Linear equation in two variable Grade IX Worksheet with solutions

Self Assessment Test 7

Based on Chapter 7

Time: 1 hour

M.M. 25

Note: Q.1-2 carry 1 mark each, Q.3-5 carry 2 marks each, Q.6-8 carry 3 marks each and Q.9-10 carry 4 marks each.

1. Question: Simplify \(\sqrt{49}\).

   Solution: \(\sqrt{49} = 7\).

2. Question: Convert \(\frac{3}{4}\) to a decimal.

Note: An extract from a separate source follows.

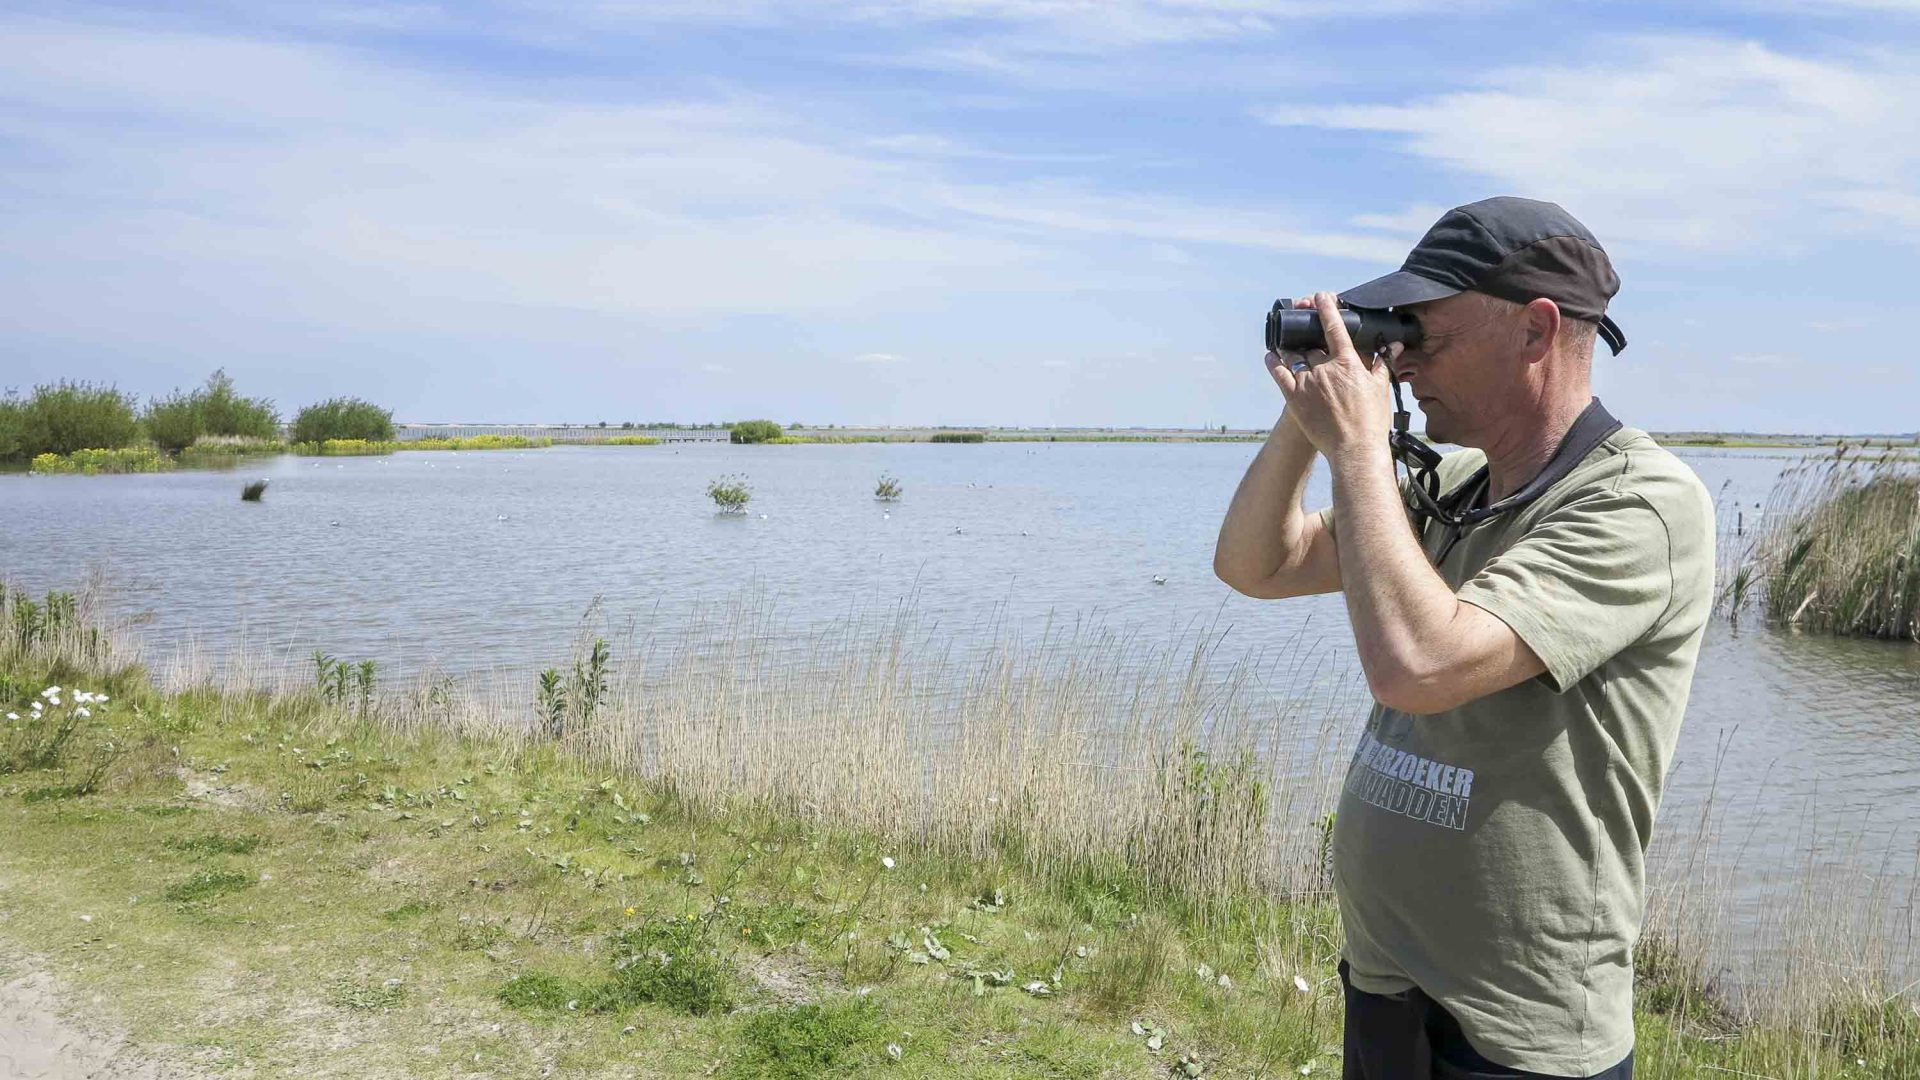 A man uses binoculars to look out for birds.

   Solution: \(\frac{3}{4} = 0.75\).

3. Question: If \(f(x) = 2x + 5\), find \(f(3)\).

   Solution: \(f(3) = 2(3) + 5 = 6 + 5 = 11\).

4. Question: Solve for \(x\): \(3x - 7 = 8\).

   Solution: \(3x - 7 = 8 \Rightarrow 3x = 15 \Rightarrow x = 5\).

5. Question: Simplify: \(3(x + 4) - 2(2x - 1)\).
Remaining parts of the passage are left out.